Я не знаю ни одного серьезного критика, который обиделся на писателя за его художественное произведение. Пелевин и Сорокин топили меня в сортире, закатывали в бочку с нитрокраской, казнили на дыбе в качестве персонажа своих романов и рассказов. И я вполне отдаю себе отчет, что эта их месть имеет более пролонгированный в масштабах большого времени характер, чем мои статьи. Мне и в голову не приходило на них обижаться.
Есть, впрочем, классический пример обиды критика на писателя – это знаменитое письмо Белинского Гоголю. Но оно потому и знаменитое, что пафос его превышает все разумные пределы, все нормы здравого смысла и вообще – всё!
«Вы только отчасти правы, увидав в моей статье рассерженного человека: этот эпитет слишком слаб и нежен для выражения того состояния, в какое привело меня чтение Вашей книги. Но Вы вовсе не правы, приписавши это Вашим, действительно не совсем лестным отзывам о почитателях Вашего таланта. Нет, тут была причина более важная. Оскорбленное чувство самолюбия еще можно перенести, и у меня достало бы ума промолчать об этом предмете, если б все дело заключалось только в нем; но нельзя перенести оскорбленного чувства истины, человеческого достоинства; нельзя умолчать, когда под покровом религии и защитою кнута проповедуют ложь и безнравственность как истину и добродетель».

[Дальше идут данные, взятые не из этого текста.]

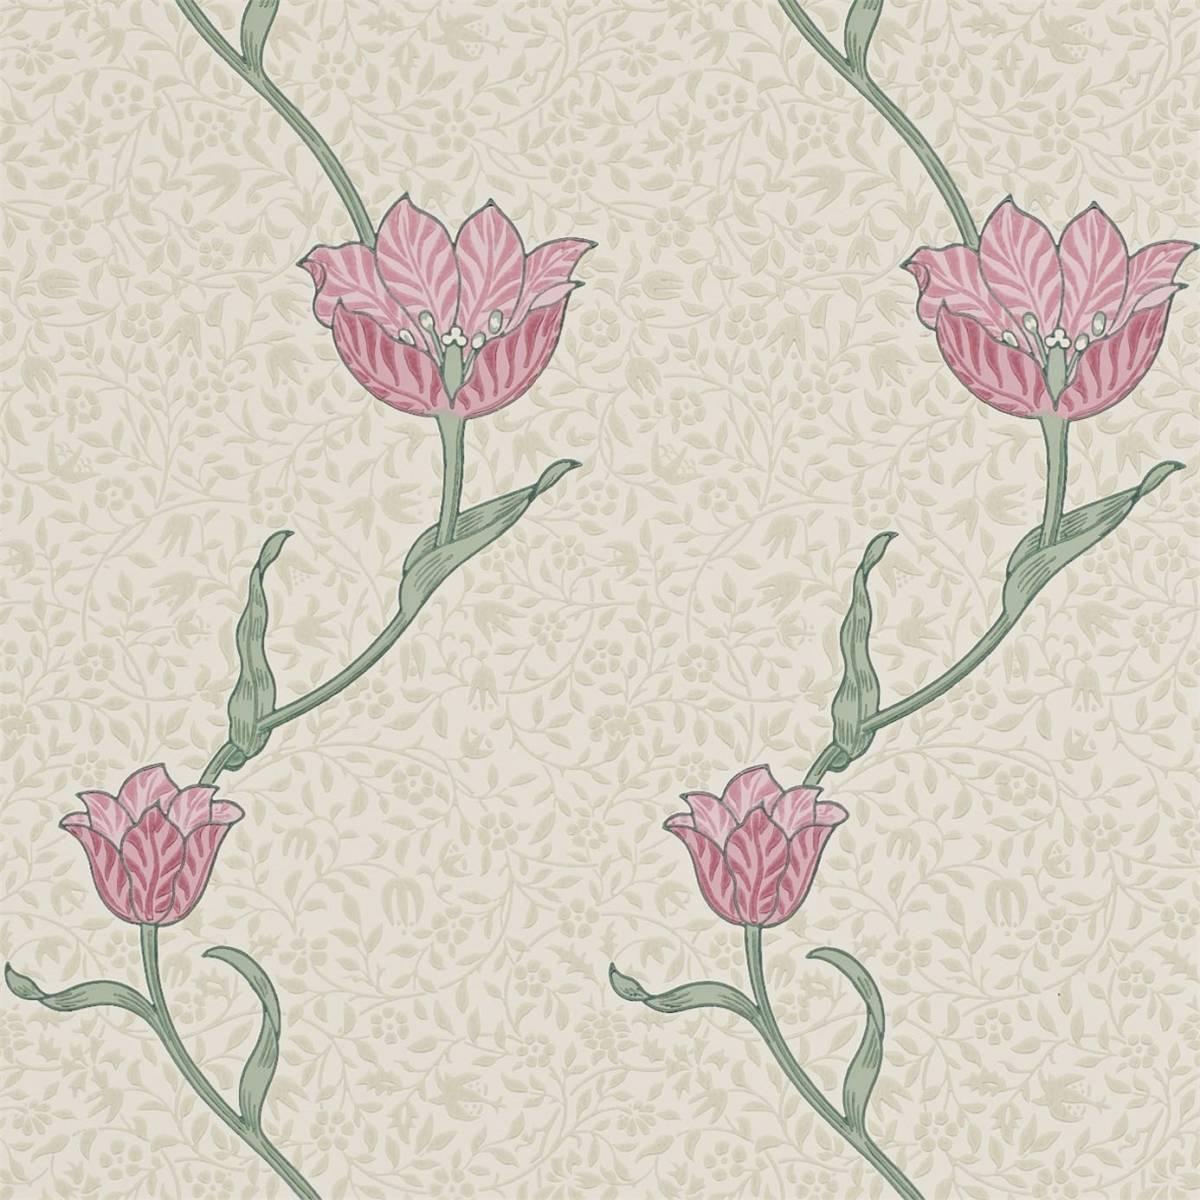 Garden Tulip Wallpaper Rose Thyme 210391 William

Ну, право же, я от души посмеюсь, если какой-нибудь писатель вдруг напишет обо мне что-то подобное. «Вы лишь отчасти правы, увидев во мне рассерженного человека, этот эпитет слишком слаб и нежен… Но вы совсем не правы, думая, что причиной тому Ваш нелестный отзыв о моем романе. Нет, тут причина более важная. Критику моего романа еще можно перенести, и у меня достало бы ума промолчать о ней. Но, не оценив мой роман, вы проповедуете ложь и безнравственность как истину и добродетель».
Впрочем, если на досуге предаться занимательному психоанализу, то можно предположить, что критик обижен на писателя как бы вообще, так сказать, пожизненно, в самой глубине души – как недоделанный буратино на хорошенького буратину, даже если дружит с ним. (Точнее пример: две подружки – красивая и некрасивая.) В этой парадигме, несомненно, что-то есть, и я даже готов с ней согласиться. Например, мне не нравится письмо Белинского Гоголю именно потому, что в нем есть что-то от Сальери. Недаром Белинский в целом положительно высказался о пушкинском Сальери и даже написал о нем такую, на мой взгляд, глупость: «Как ум, как сознание, Сальери гораздо выше Моцарта…» При этом Сальери – «талант», а Моцарт – «гений». То есть гений ниже таланта по уму и сознанию. В результате Белинский сам угодил в поставленную ловушку и в своем письме строго отчитал Гоголя за то, что тот сходил на сторону к «мракобесам». Так Моцарт «мог остановиться у трактира и слушать скрыпача слепого». Так некрасивая девочка отчитывает красивую подругу за то, что та спит с кем попало, а могла бы выйти замуж и родить потомство, потому что у нее для этого все природные качества.
Этот синдром в критиках, причем самого высокого калибра, я иногда замечал. Эдакое моральное негодование на то, что любимый писатель «свернул не туда», так сказать, изменил своему предназначению и – о боже! – испортил свою репутацию.
«Ты, Моцарт, недостоин сам себя!»
И поди разберись, чего тут больше – праведного морального гнева или затаенного комплекса собственной ущемленности и неполноценности, который и пожирает Сальери изнутри. Я знаю, что нужно делать, но не знаю как, а ты умеешь это делать, а ведешь себя неправильно. Всего-то и надо на секундочку задуматься: может, Моцарт не такой уж и дурак, может, его стеб о «скрыпаче» – это то, что Ницше определял как «всё глубокое любит маску»?